As far as the medical community was concerned, I was the problem, and I needed to be sedated. I should have gotten up and walked out to search for my child, but I had lost too much blood and was too weak and ill and traumatized – not to mention, I was already sedated and hooked up to IVs.

I went home a few days later. My doctor’s final words to me were to wait 3 months to get pregnant again.  Just like nothing had happened.

There was no birth certificate.

There was no death certificate.

No funeral or graveside services or comfort of any kind.  She somehow had slipped into never-never land – a purgatorial hell between miscarriage and live baby.

No validation of pain or loss of either her life or her body afterwards.

No closure.

And somehow, I had become “the problem.”

“It” wasn’t a child, just a medical procedure. Under a pound was just another miscarriage of sorts.  I should be used to this by now, right?  Right???

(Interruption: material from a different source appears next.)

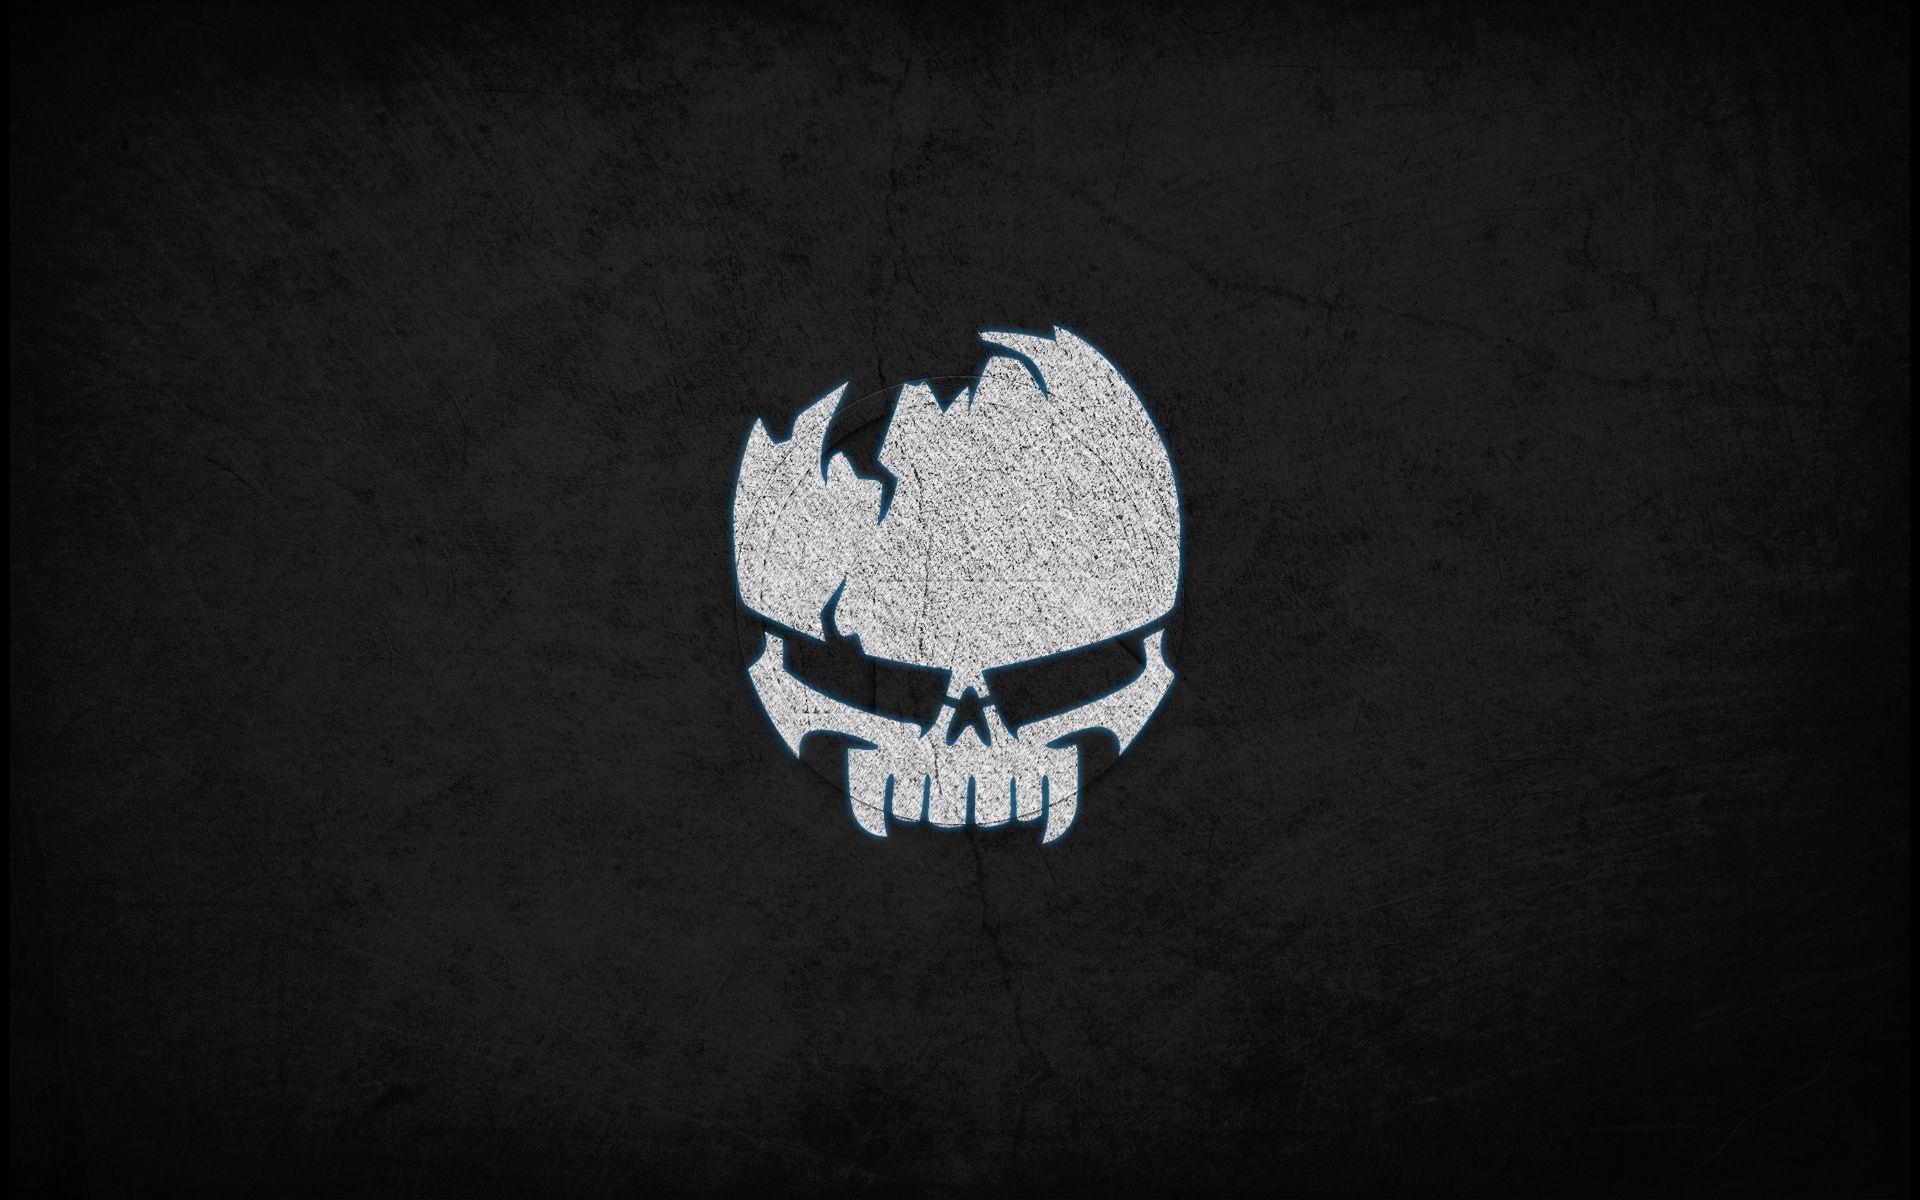 cool skull wallpaper hd 1920×1200 cool hd skull wallpapers (47

Going home and seeing the baby clothes for the baby who would never come home and the half-finished nursery. Used to this?

Never.

I never got to bury that child. I never got to properly grieve, to say goodbye, to set a gravestone to visit at holidays or to honor her existence.  I didn’t know when the nurse gently took her tiny body wrapped in the blanket after her death that I would never see her again and that she would unceremoniously be tossed away, in the garbage.  Did they even leave her in her blanket or did they strip her of that too?

Maybe no one else needed to grieve, but I did. She was a part of my body.  She was alive inside of me, until the unthinkable happened, followed by the unimaginable.  She was and is my child, ripped from my heart and life way too soon.

Nothing eased the pain, made her death “alright” or compensated in any way for what happened. No one at the hospital even said, “I’m sorry.”  The problem in their eyes was clearly “me,” not what they had done with her tiny body.

I felt then and still feel that their disposal of her was at best betrayal of trust and in reality a horrible dehumanizing violation of that child’s remains about which they did nothing when they still could. They could have found or recovered her body had they made the effort. They didn’t.

I named her in my mind and heart – the name I had selected for her, only to discover that my x-husband would one day name another child the same name – as if she had never existed. So, she got robbed of that too.

That daughter I generally think of as “the baby” would be approaching middle age today, had she lived. I think of her often in a positive light with a tinge of melancholy, of course, and wonder what life path she would have taken, given a chance.  I wonder what she would have looked like and what her voice and laugh would have sounded like.  Would she have married?  Had children?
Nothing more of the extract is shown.